Northbrook College is currently based at three locations around the town at Union Place, Broadwater Road and Littlehampton Road but wants to put all facilities on the Broadwater Road site which covers almost ten acres.

The cost of the scheme has been estimated at more than £42 million, with some of the cash coming from the sale of the Union Place and Littlehampton Road plots.

Northbrook principal David Percival hopes work could start next year but first the college must obtain planning permission for the campus, which includes a five-storey tower, theatre and at least 450 car spaces.

Access to the building, which appears from graphics to be predominantly glass-fronted and flat-roofed, would be via Carnegie Road as it is now.

Mr Percival said around 1,000 students from Worthing who could be taught at Northbrook travelled to colleges with better facilities elsewhere such as Chichester and Brighton.

He believes the new campus could cope with up to 13,000 students but emphasised that only a fraction would be on site at any one time.

Mr Percival said money would come from the sale of land, plus borrowing and grants from the Learning and Skills Council.

The theatre would replace one at Littlehampton Road which was built in the 1980s.

The tower, overlooking the Manor Sports Ground, would contain part of the library, a restaurant and boardroom.

The college currently has 650 car spaces but not all of them are used.

However residents will be concerned about the possibility of students parking in surrounding streets.

Mr Percival said: "I think it is going to be tremendous. Broadwater Road is a fantastic gateway position to the town centre.
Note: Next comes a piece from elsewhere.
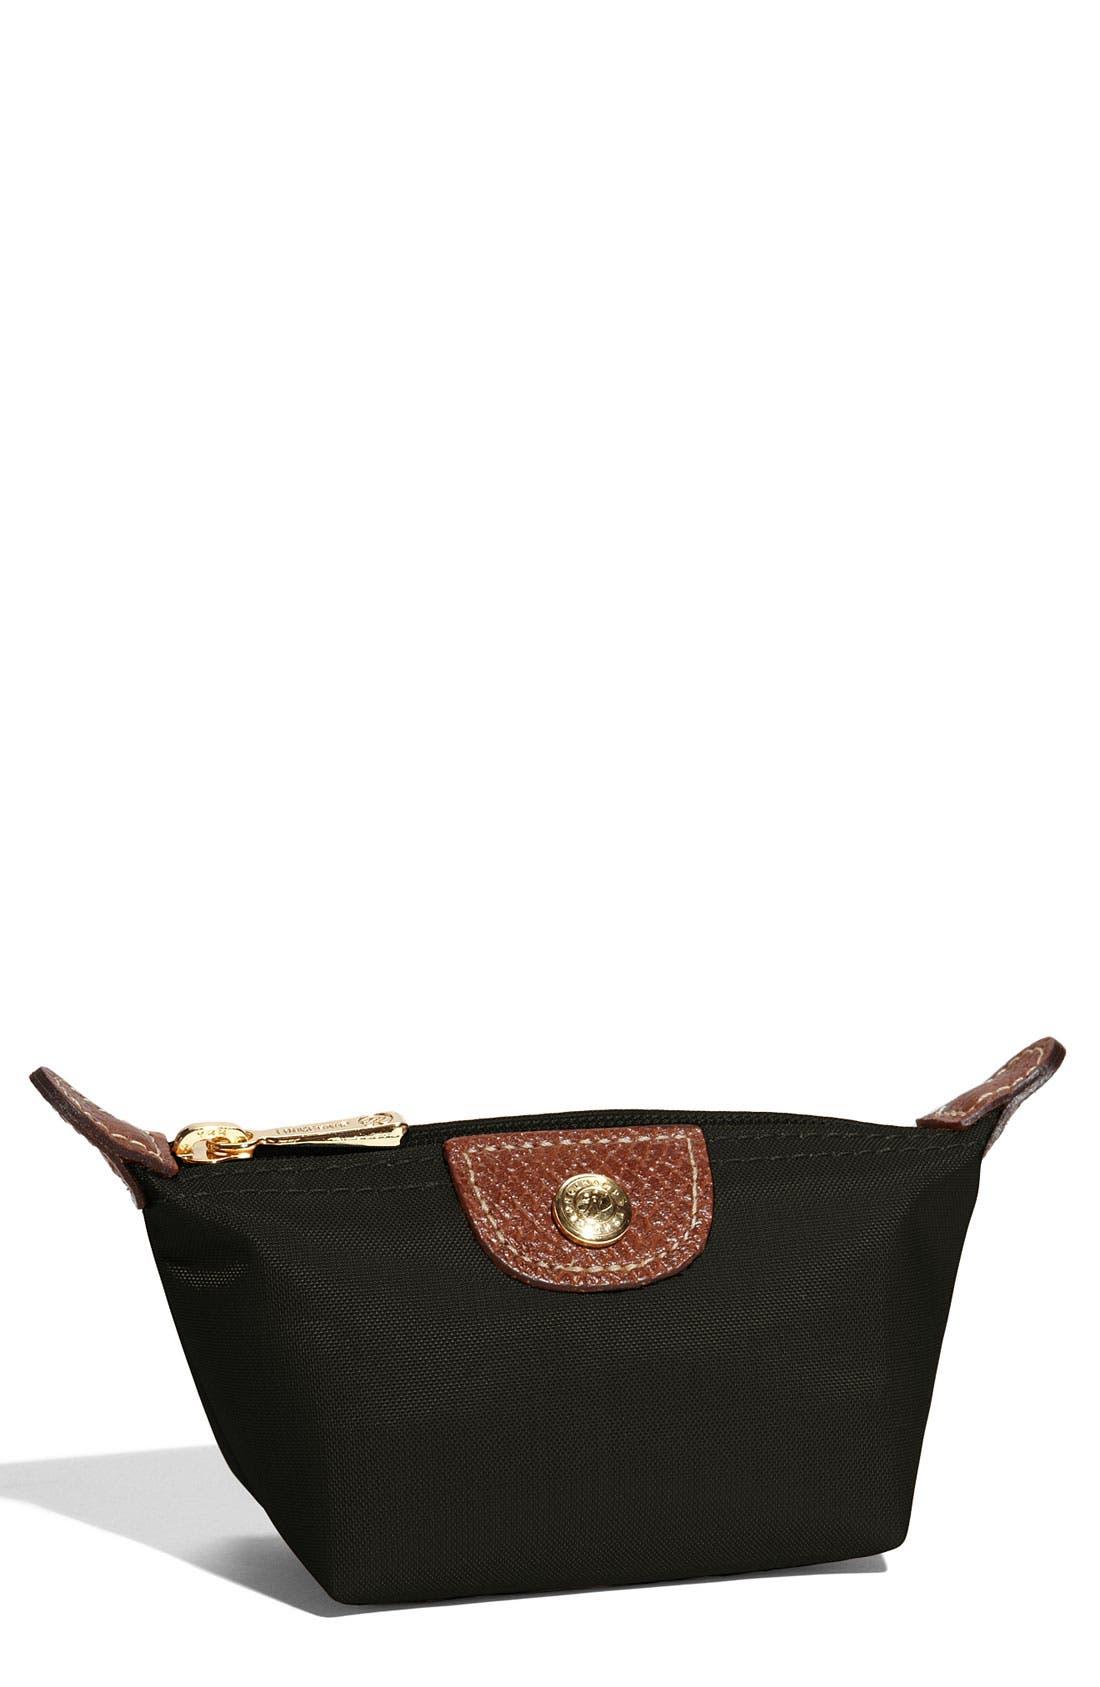 Main Image - Longchamp 'Le Pliage' Coin Purse

It will have buildings worth looking at and will bring people into the town."

David Sumner, the chairman of the Worthing Society conservation group, studied the plans which went on show for the first time today at the Gordon Room in Stoke Abbott Road, Worthing.

He gave the new college a cautious welcome, but said the devil was in the detail.

Mr Sumner said: "Some of our members said the Broadwater Road site should be housing, with the campus left out at Littlehampton Road."

If the scheme goes ahead, cabin-style school buildings put up in the early 1920s and still used by students will be demolished.